As the case unravels we follow this intrepid trio, as chronicled by Dr. Watson the younger, as they form a tight-knit partnership and eventually solve this string of terrible murders that would have all passed as accidents without their timely assistance.

The case is a worthy successor to the canon from which it sprang.

Escape Rating A-: This was the right book at the right time. The Daughter of Sherlock Holmes was calling my name from the top of my TBR pile, and I simply decided to answer the call. I fell right into this Edwardian continuation of the Holmes stories, and I sincerely hope that there are more.

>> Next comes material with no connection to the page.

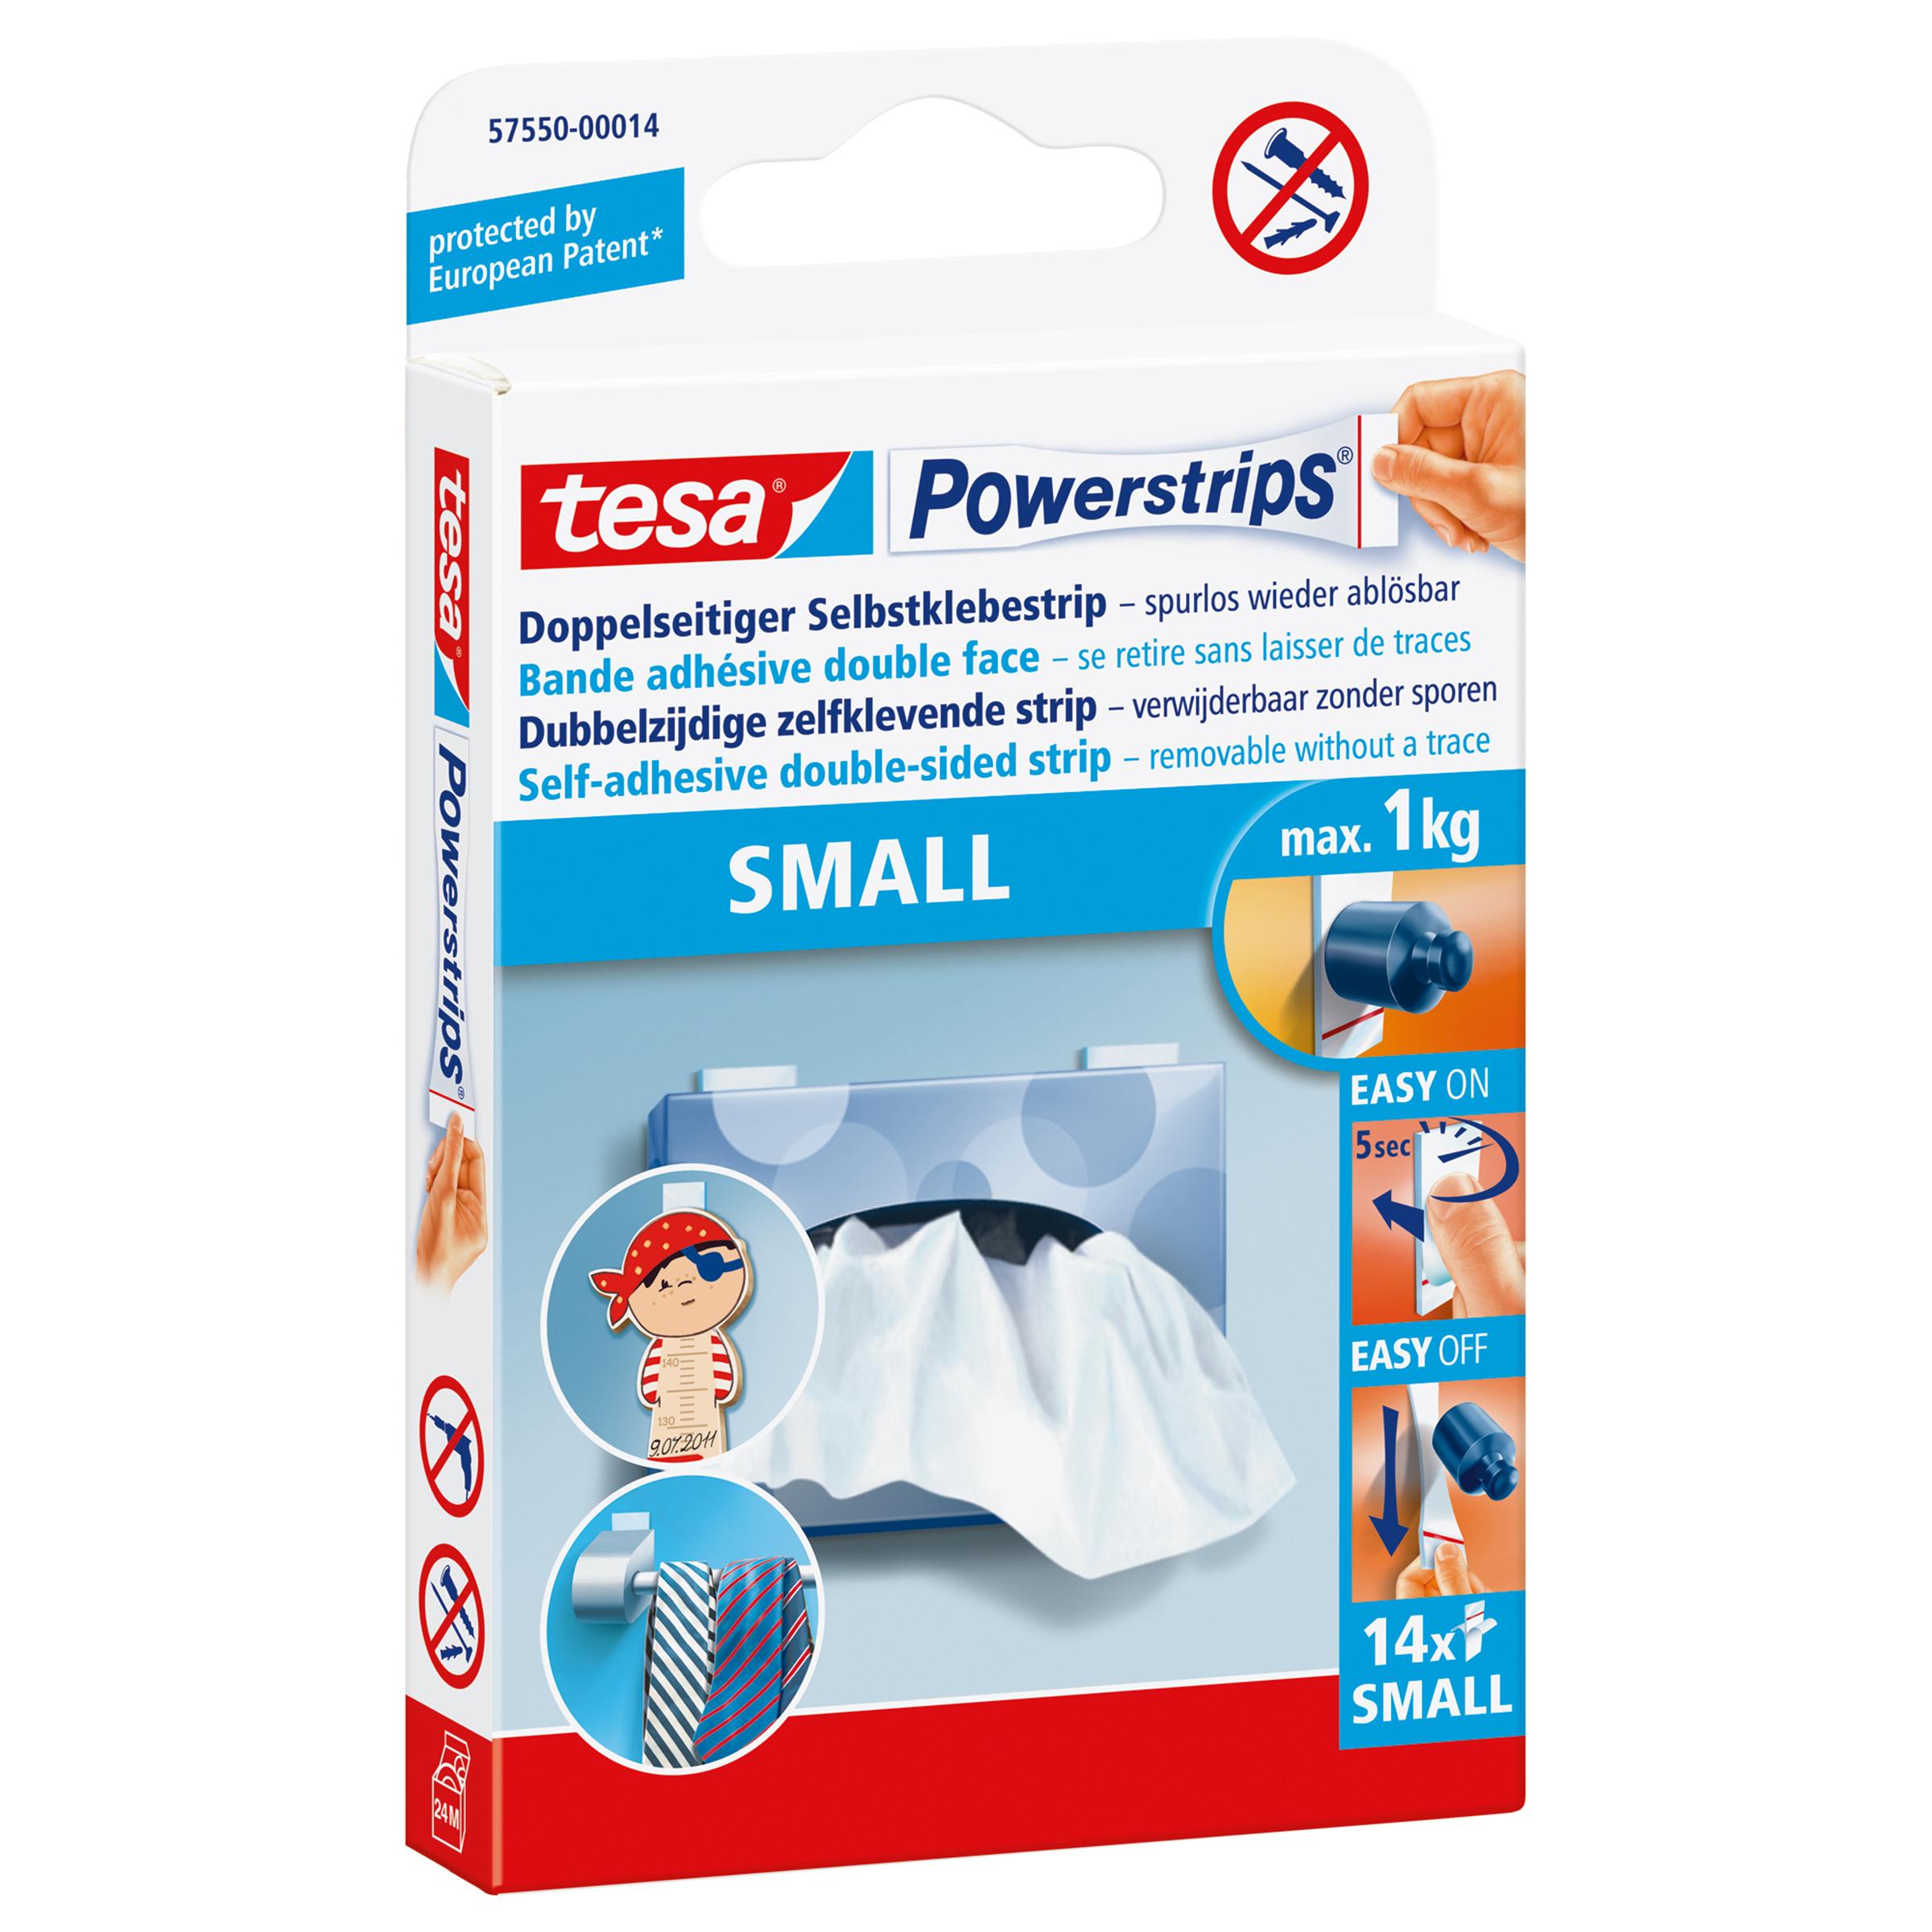 Tesa 57550-00014 - Montage-Etikett - Weiß - 1 kg/cm
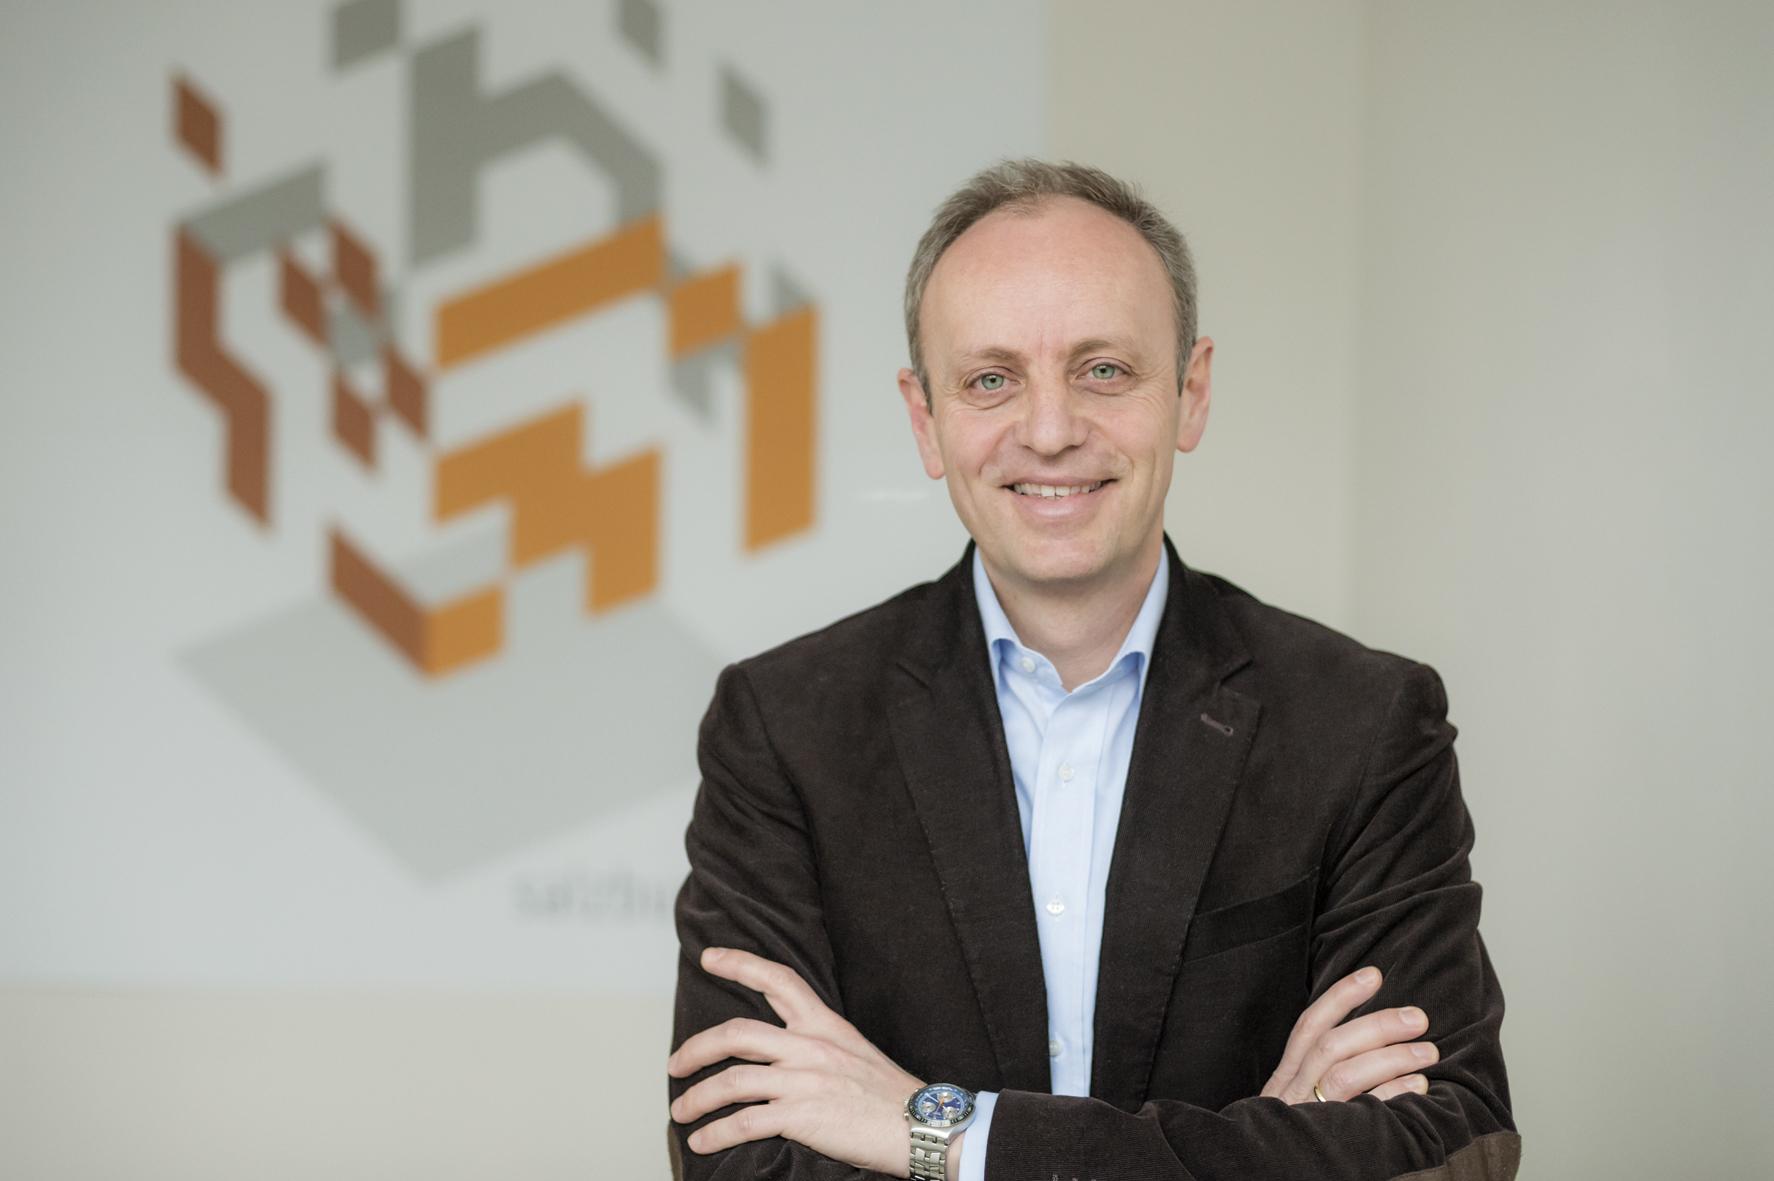 Univ.-Doz. Dr. Siegfried Reich, Geschäftsführer © Salzburg Research/Bryan Reinhart Photography

As far as the Holmes canon goes, it has to be said that this story ignores the events of His Last Bow, the final Sherlock Holmes story which is set on the eve of the First World War. The Daughter of Sherlock Holmes is set in 1910, and by this point in its history, Holmes has been dead for several years.

But one part of the canon that is surprisingly tastefully handled is the birth, or rather the creation, of his daughter Joanna. Yes, Irene Adler was her mother. It’s nearly always Irene Adler when someone tries to continue the Holmes tradition by providing him with a child. The problem is that Holmes in the original stories is such a cold and seemingly unemotional character. It is difficult to imagine that thinking machine indulging in the pleasures of the flesh, let alone having a torrid, or even a tepid, affair.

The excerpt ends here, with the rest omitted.